A standard practice in the data warehousing world is the process of delivering conformed dimensions, which is an activity that can involve data cleaning, standardisation, de-duplicating and matching, with a goal of ensuring that data from multiple different locations can be analysed in a consistent manner. For example, System A may have a customer called William Smith, whereas System B might hold the exact same customer as Mr W Smith. The data warehouse ultimately needs to output one version of William Smith to the end user in this example, which will allow all data associated with this customer to be easily analysed.
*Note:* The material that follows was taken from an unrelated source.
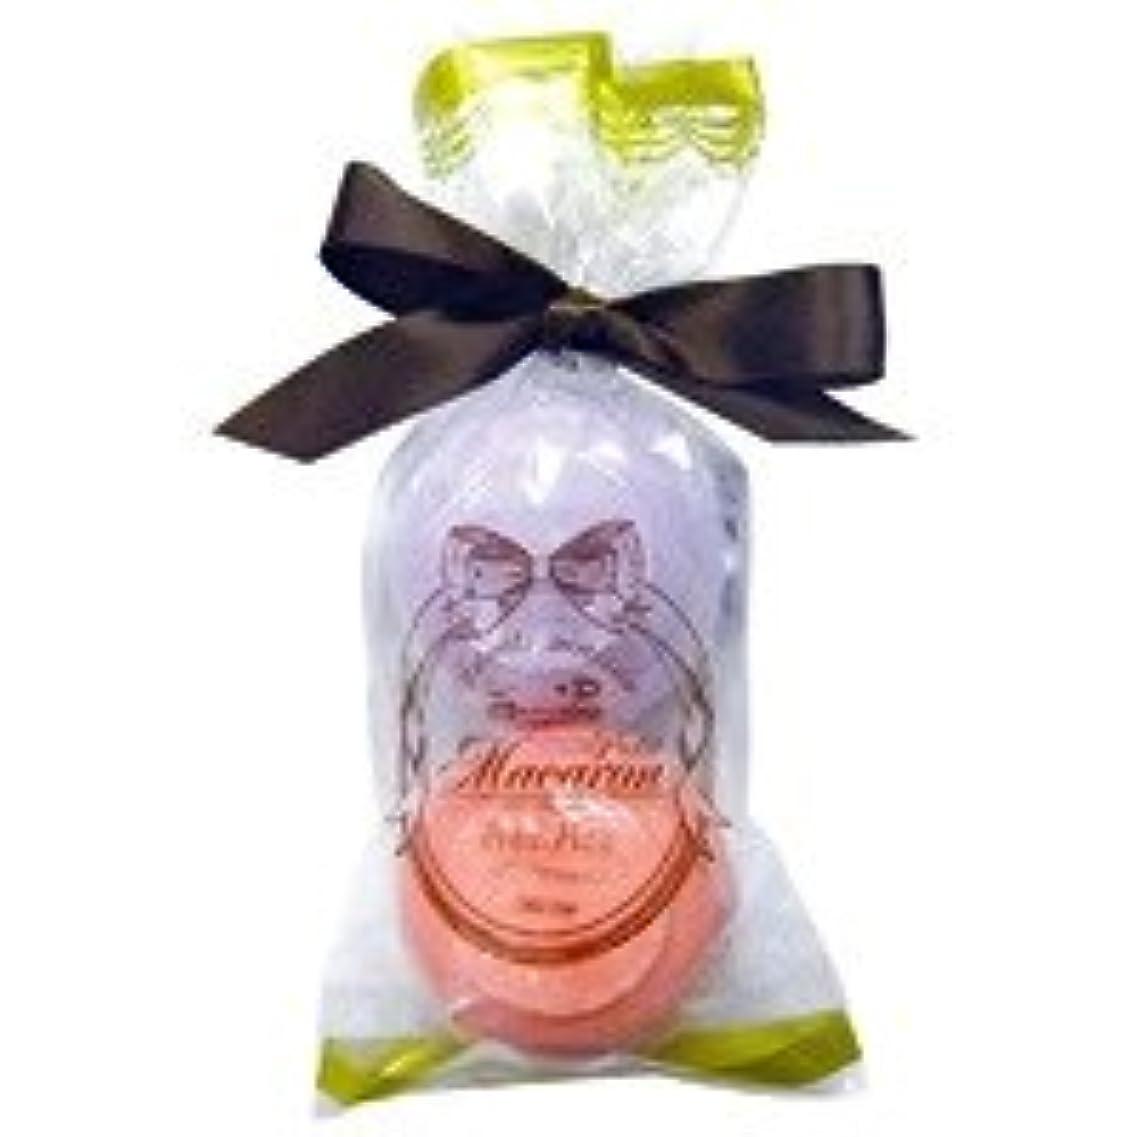 リスわな引くスウィーツメゾン プチマカロンミニセット「パープル&ダークピンク」6個セット フルーティーなザクロの香り&華やかなローズの香り

I’m currently facing the challenge of de-duplicating and matching across data sources, although in my case most of the data sources are not in English. Its one thing to match customers or products that have slightly different descriptions using fuzzy logic in your ETL, but how do you do this when your products are in multiple different languages? Although we’ve not actually ended up needing to use it, the experience got me thinking, could SSIS be used to translate values in one language to another?
Microsoft Translator API
Enter Microsoft Translator, a “statistical machine translation system”, that’s available on the Azure Marketplace for what looks to be a fairly reasonable price. For example, you can translate up to 2 million characters a month for free, whereas 4 million a month will set you back £26.36 a month. As an example I’ve translated the word ‘Bonjour’ here, without even telling it what the input language is (the service has auto detect capability):
SSIS and the Microsoft Translator API
Using an example from AdventureWorks, I’d like to see if its possible to translate the French descriptions found in dbo.DimProduct into English. To do this, I’ve set up a very simple data flow that starts off with extracting the top 100 products from Adventure Works that have a French description. There is then a Script Component, which makes the all important call to the Microsoft Translator API, then finally a Union All just to allow me to catch the rows while debugging. Overall the data flow is as follows:
The script component is where all the magic happens, as this contains the call to the API using following MS translator example code. The MS translator code needs adapting to fit into the SSIS environment and rather than re-posting every line of code, I’m just going to highlight the changes I made to get this working with SSIS. My first step was to add a script component with the following output column:
Then within the Edit Script window I added the following additional references:
I then setup my using section as follows:
The next step is to call the PreExecute() method once in order to get an access token from Azure Marketplace. The key is to pass in a Client ID and a Client Secret, both of which can be setup here.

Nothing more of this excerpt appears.